In deze uitspraak beoordeelt de rechtbank het beroep van eiseres tegen de afwijzing van de aanvraag van eiseres om haar schuld ter hoogte van € 150.000,- af te betalen aan haar schuldeiser.
Belastingdienst/Toeslagen heeft deze aanvraag met het besluit van 6 september 2022 afgewezen. Met het bestreden besluit van 21 juni 2023 op het bezwaar van eiseres is Belastingdienst/Toeslagen bij de afwijzing van de aanvraag gebleven.
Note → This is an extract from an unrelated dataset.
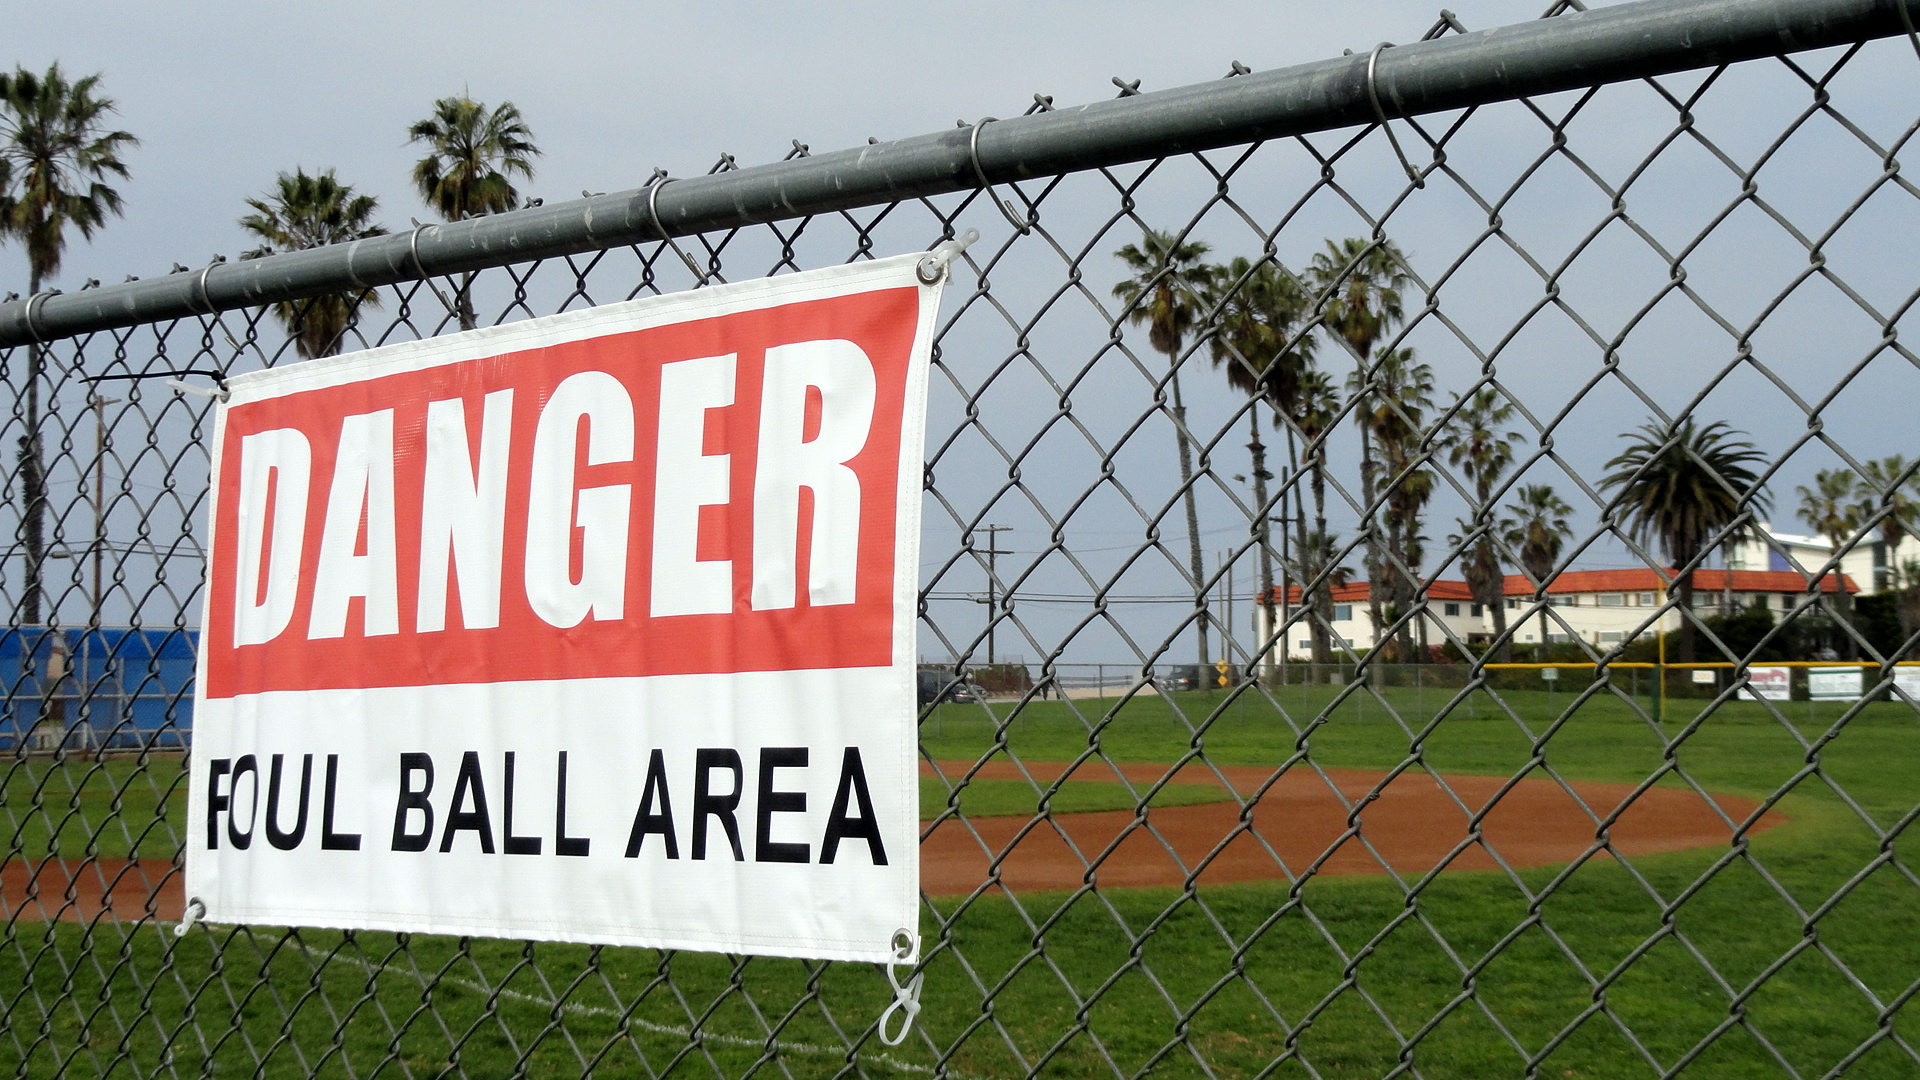 PDR Foul Ball Area

Eiseres heeft beroep ingesteld en de voorzieningenrechter gevraagd om een voorlopige voorziening te treffen (UTR 23/4295). Het verzoek om een voorlopige voorziening is op
18 oktober 2023 afgewezen vanwege het ontbreken van spoedeisend belang en omdat het bestreden besluit niet overduidelijk onrechtmatig was.
Belastingdienst/Toeslagen heeft op het beroep gereageerd met een verweerschrift.
De rechtbank heeft het beroep op 24 november 2023 op zitting behandeld. Hieraan hebben deelgenomen: eiseres, de gemachtigde van eiseres en de gemachtigden van Belastingdienst/Toeslagen.
Bij sluiting van het onderzoek op zitting heeft de rechtbank meegedeeld binnen zes weken uitspraak te doen. De rechtbank heeft deze termijn niet gehaald en partijen bericht zes weken later uitspraak te doen.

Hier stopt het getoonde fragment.